Heart and prayers go out to victims
Published 11:49 am Thursday, February 17, 2011
I don’t profess to have answers to every situation in life, but yet I believe I can touch on a subject that many of us have thought about.
Some situations leave such a path of destruction, that it is not easy to walk away and not acknowledge the storm that had occurred or to forget about the broken pieces of peoples lives that lay shattered because of the thoughtless acts of a few.
I agree with many of the points that Keith Porter and Jody Johnson (not myself, but another writer who wrote in) had made and I can understand why they and many others continue to speak out on this situation that happened at the Good Samaritan Society.
I struggle greatly when trying to understand why this had to happen to these beautiful elderly people. Some of the main thoughts that come to mind are based on trying to understand the mind frame of an abuser in situations like this.Whether it is child abuse, elder abuse and neglect or sexual abuse, they all seem to have some of the same elements. The abusers seem to place themselves on a higher level than their victims, and they devalue the victims to the point that they see no worth in them. So to hurt, neglect or humiliate them brings no more remorse than if they would have stepped on a bug.
The families of these victims have to live with the thought that someone they love very much, that God loves very much, was devalued, hurt and humiliated at the hands of someone who didn’t realize or acknowledge the worth and value of these victims, and I can say from personal experience that it is enough pain to last a lifetime.
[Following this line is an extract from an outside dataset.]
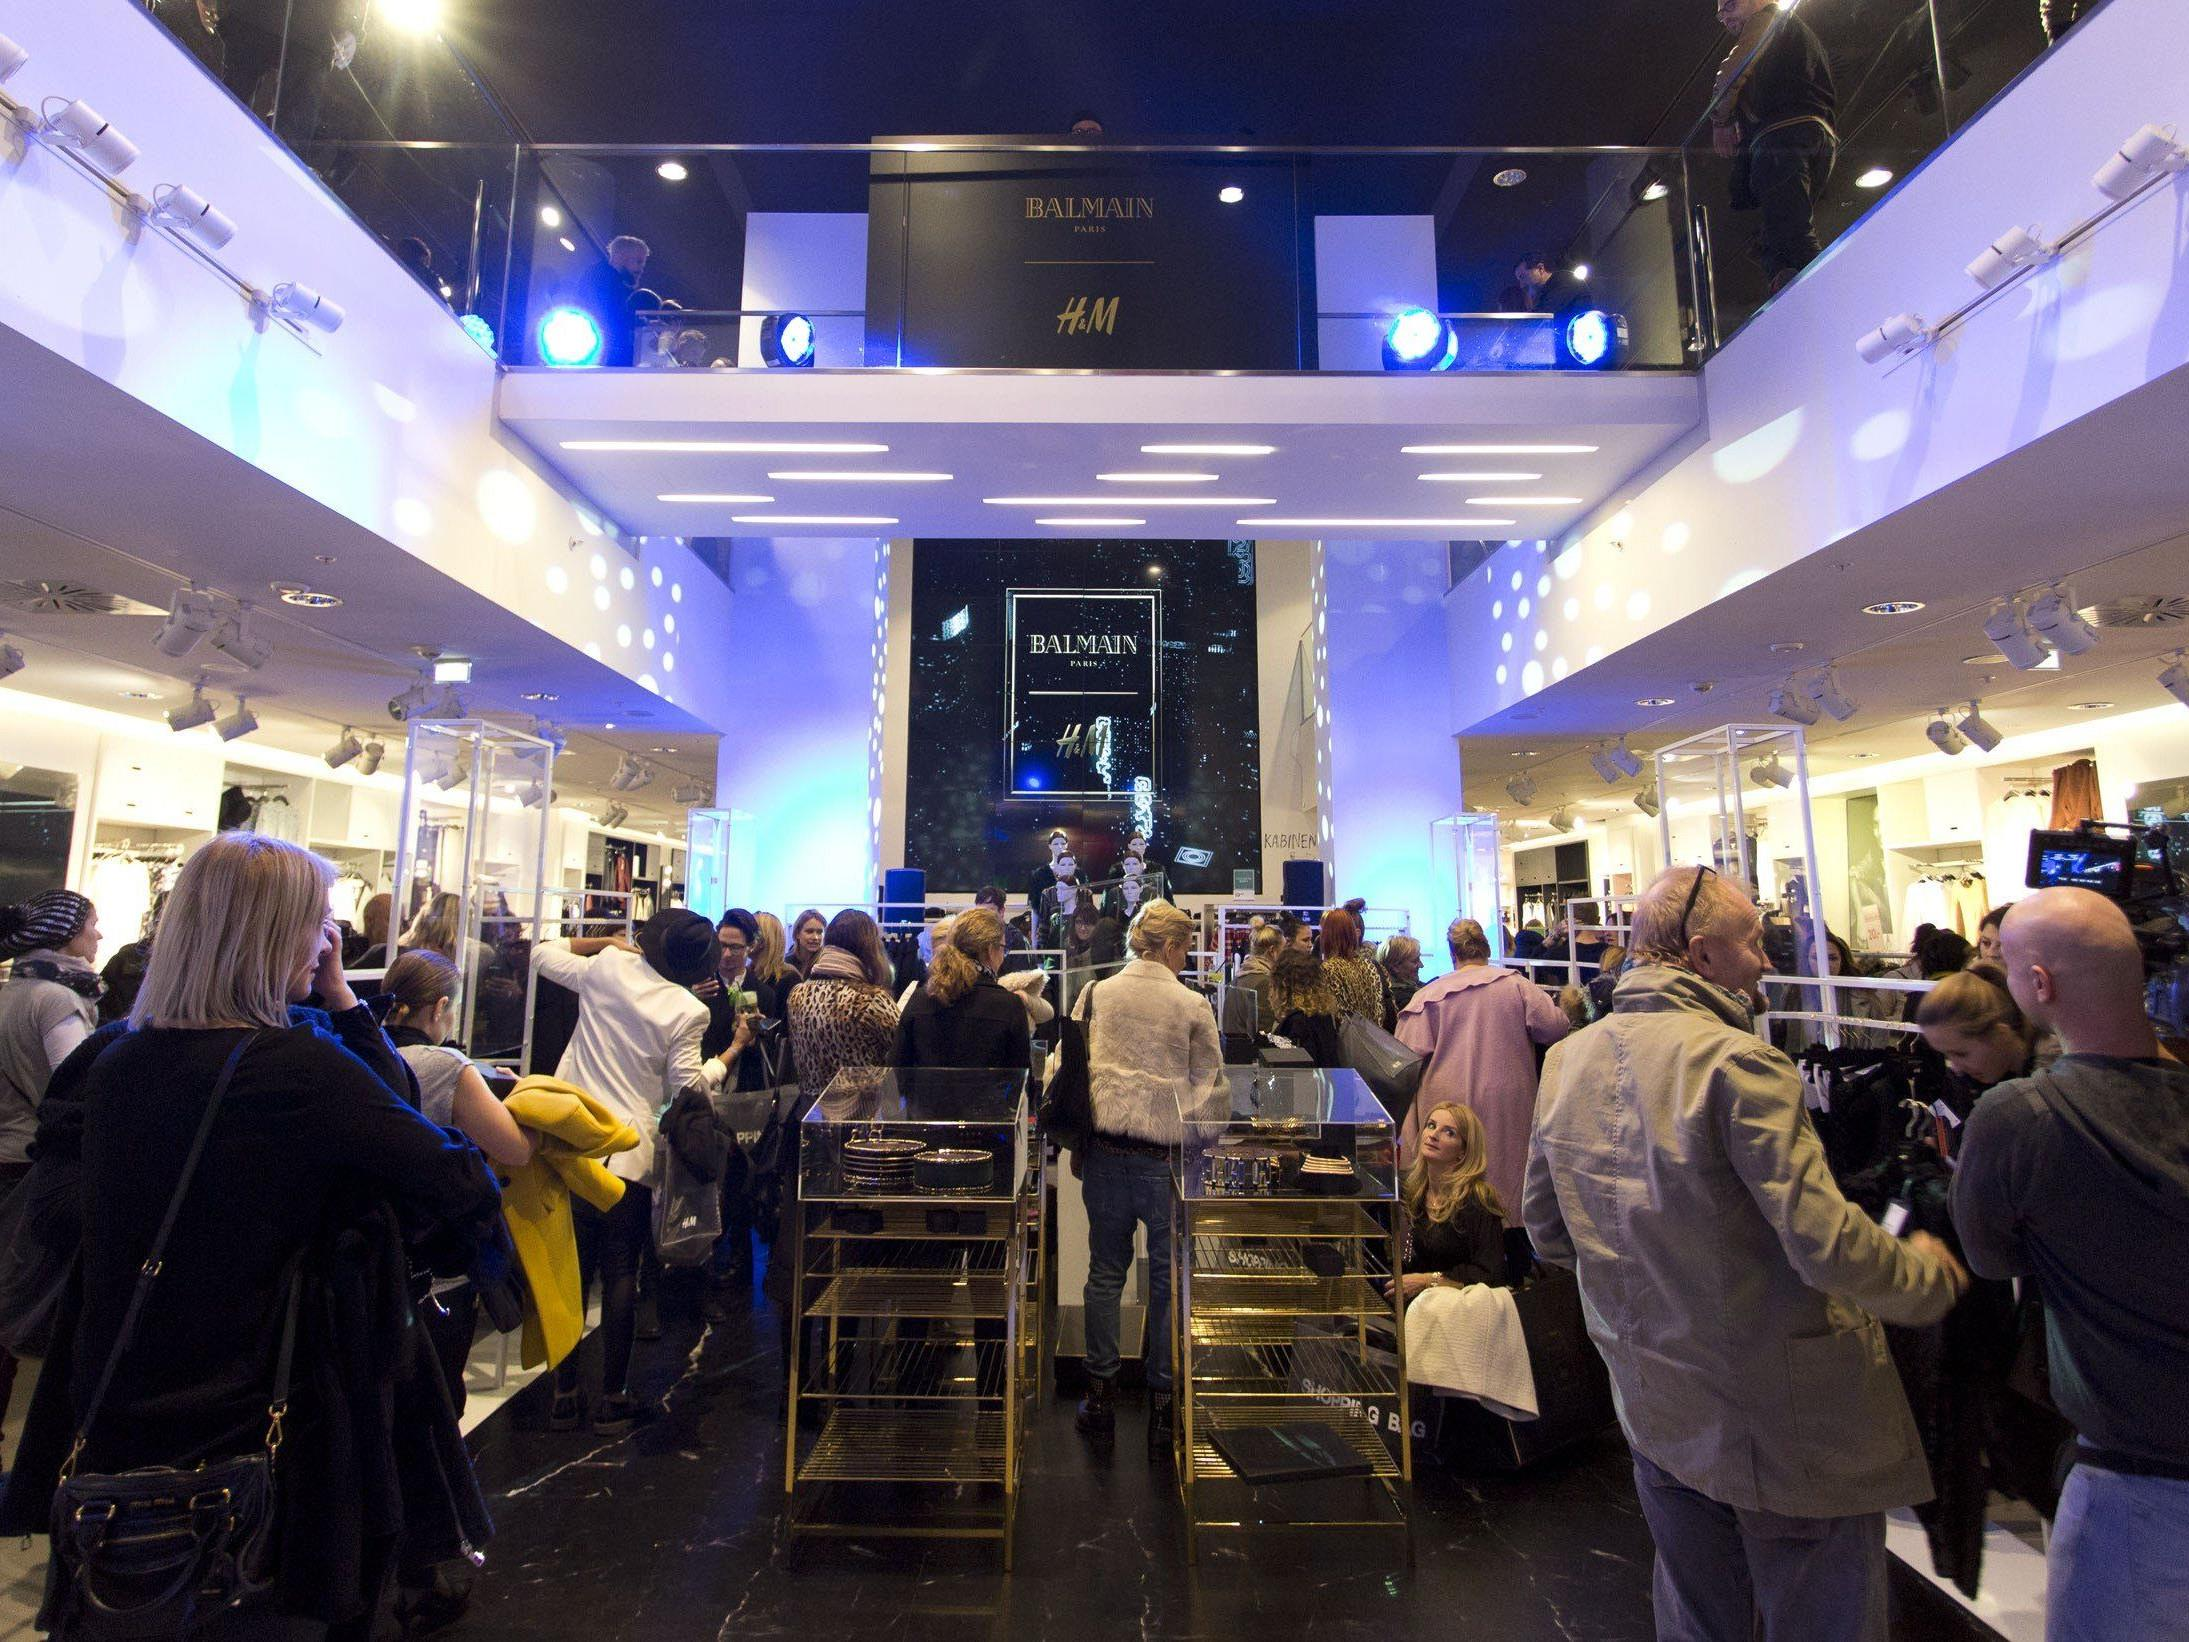 Balmain-Kollektion: Pre-Shopping im H&M Mariahilfer Straße.

It does not easily dissipate over time, and time does not fully heal all wounds. Little Band-Aids of attempts at justice doesn’t stop the hemorrhage that flows into the lives of victims and families of victims of abuse and neglect.
Families put their valued loved ones in the hands of people they think they can trust and when abuse and neglect occur, they have to live with that betrayal for the rest of their lives. It is the families that actually end up serving the sentence of remorse and heartache that the ones who abuse and neglect should be serving. The pain the victims feel goes even deeper which makes their life sentence even more unjust. Attempts at justice are aborted until the abusers or neglectful ones have the ability and remorse to actually feel the pain they have caused the victims and their families. Only then can true healing begin for both sides.
My heart and prayers go out to the victims and families of this situation and also to the many families and victims whose perpetrator’s acts of abuse and neglect were never acknowledged and brought to justice.